Logic against sneak obfuscated malware

Malware is sneaky. Malicious codes are implemented to stay hidden during the infection and operation, preventing their removal and the analysis of the code. Most samples employ some sort of packing or obfuscation techniques in order to thwart analysis. Similar techniques are also used to protect digital assets from intellectual property theft.

Analysis tools help getting new insights that can be used to secure software and hardware by identifying vulnerabilities and issues before they cause harm downstream. Tools and techniques beyond standard debuggers can enhance analysts capabilities with better adaptability and automation.

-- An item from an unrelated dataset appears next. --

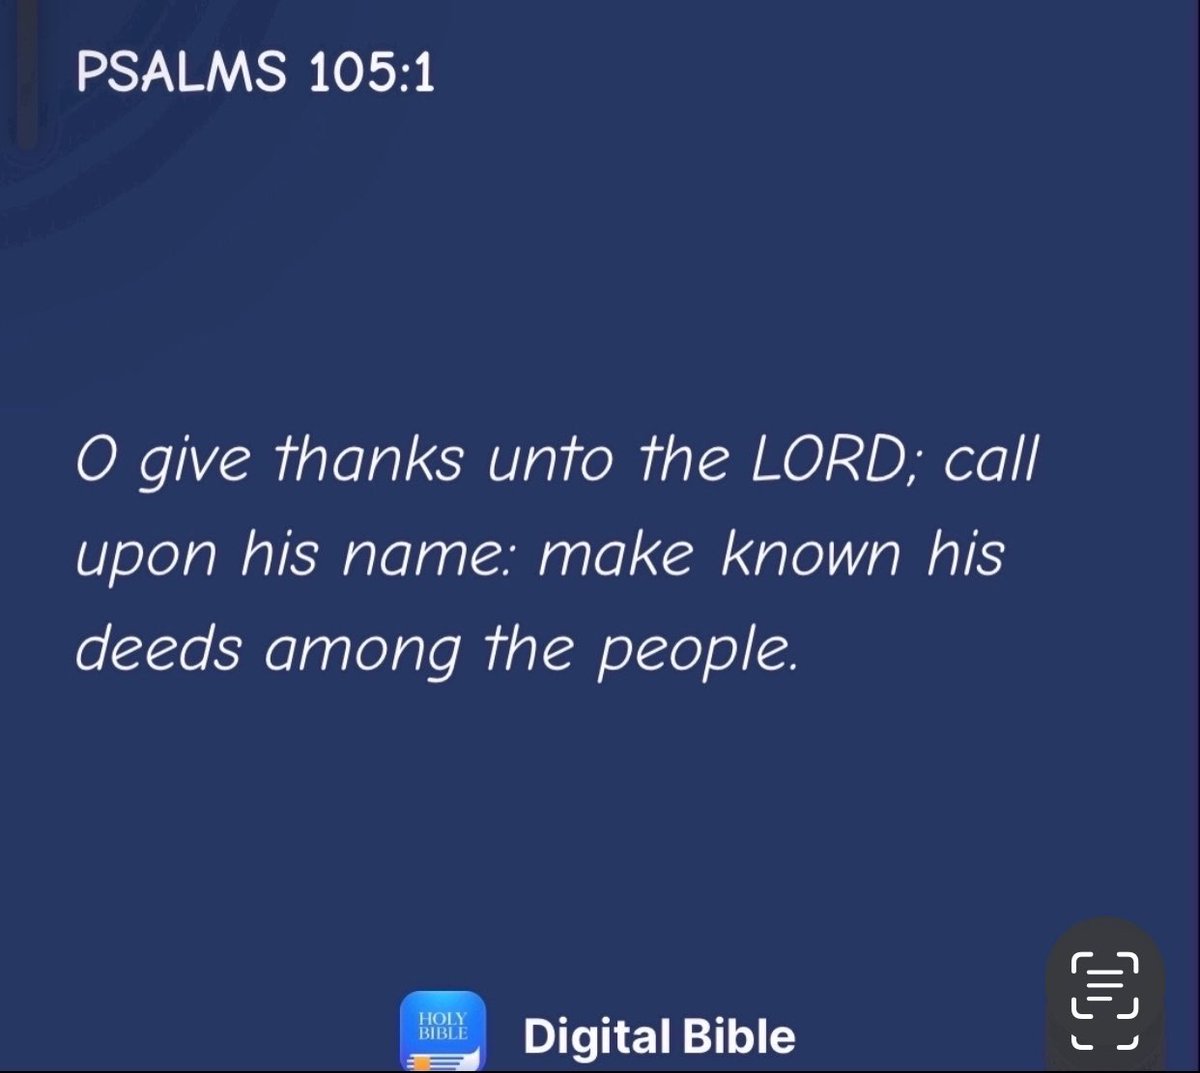 Psalms 105:1
'O give thanks unto the LORD: call upon his name: make known his deedsamong the people.'

#BlessedAndThankful
#MCGICares

This talk will give you a small taste on some practical applications of SMT solvers in IT security, investigating the theoretical limitations and practical solutions, focusing on their use as a tool for binary static analysis and code deobfuscation.

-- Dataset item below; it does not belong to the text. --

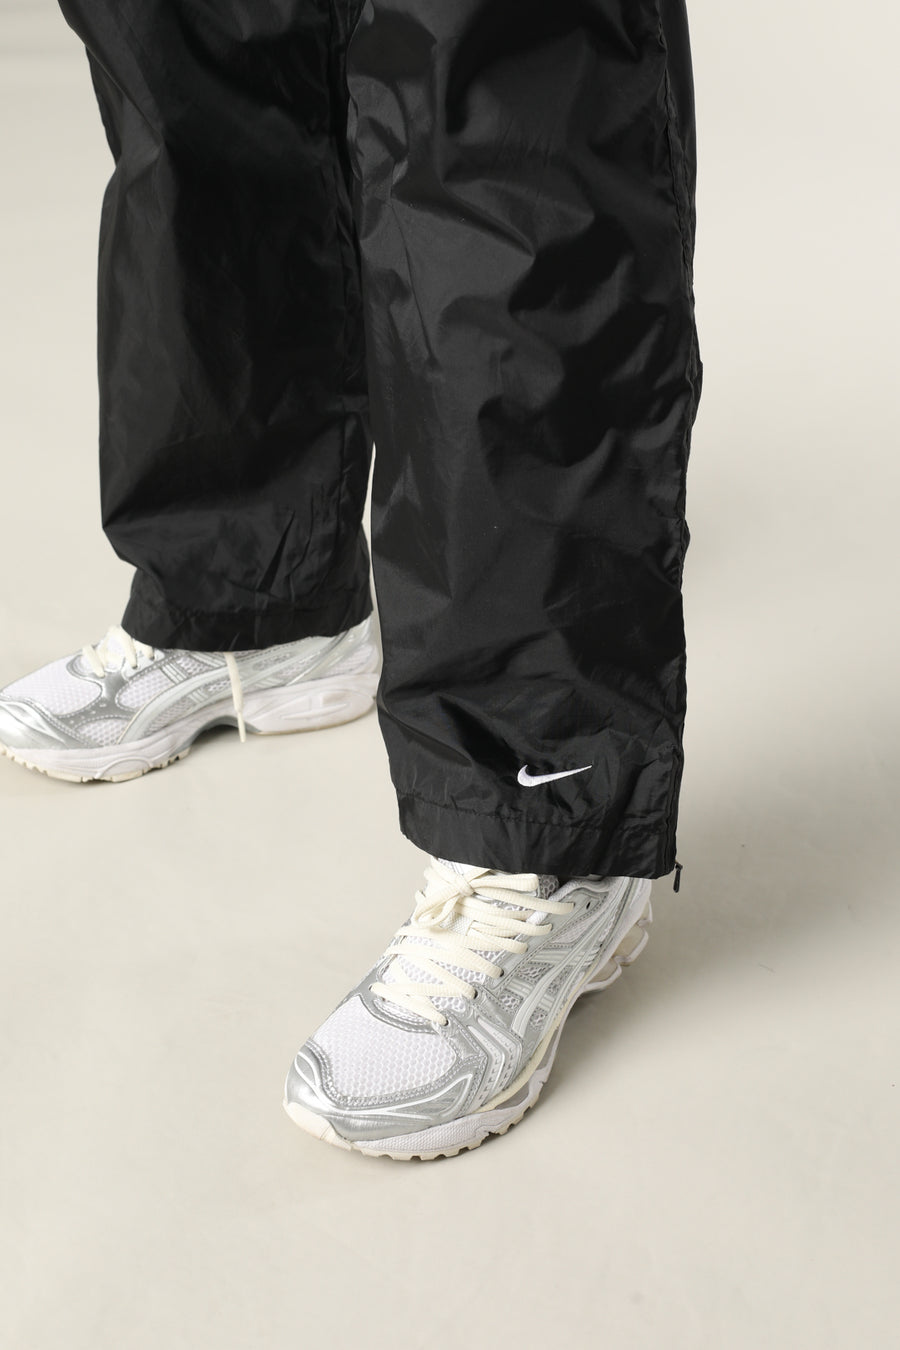 Vintage Nike Nylon Track Pants

Thaís aka barbie Moreira Hamasaki Malware Researcher,

Thaís Moreira Hamasaki is a malware researcher, who focus on static analysis, reverse engineering and logical programming. Thaís started her career within the anti-virus industry working on data and malware analysis, where she developed her knowledge on threat protection systems. She won the “best rookie speaker” award from BSides London for her first talk about “Using SMT solvers to deobfuscate malware binaries”. Recent research topics include malware binary code deobfuscation, generic unpacking and malware analysis automation. She is an active member of the Düsseldorf Hackerspace, where she also leads the groups for Reverse Engineering and x86 Assembly. In her free time, you can find Thaís building tools, cooking or climbing somewhere offline.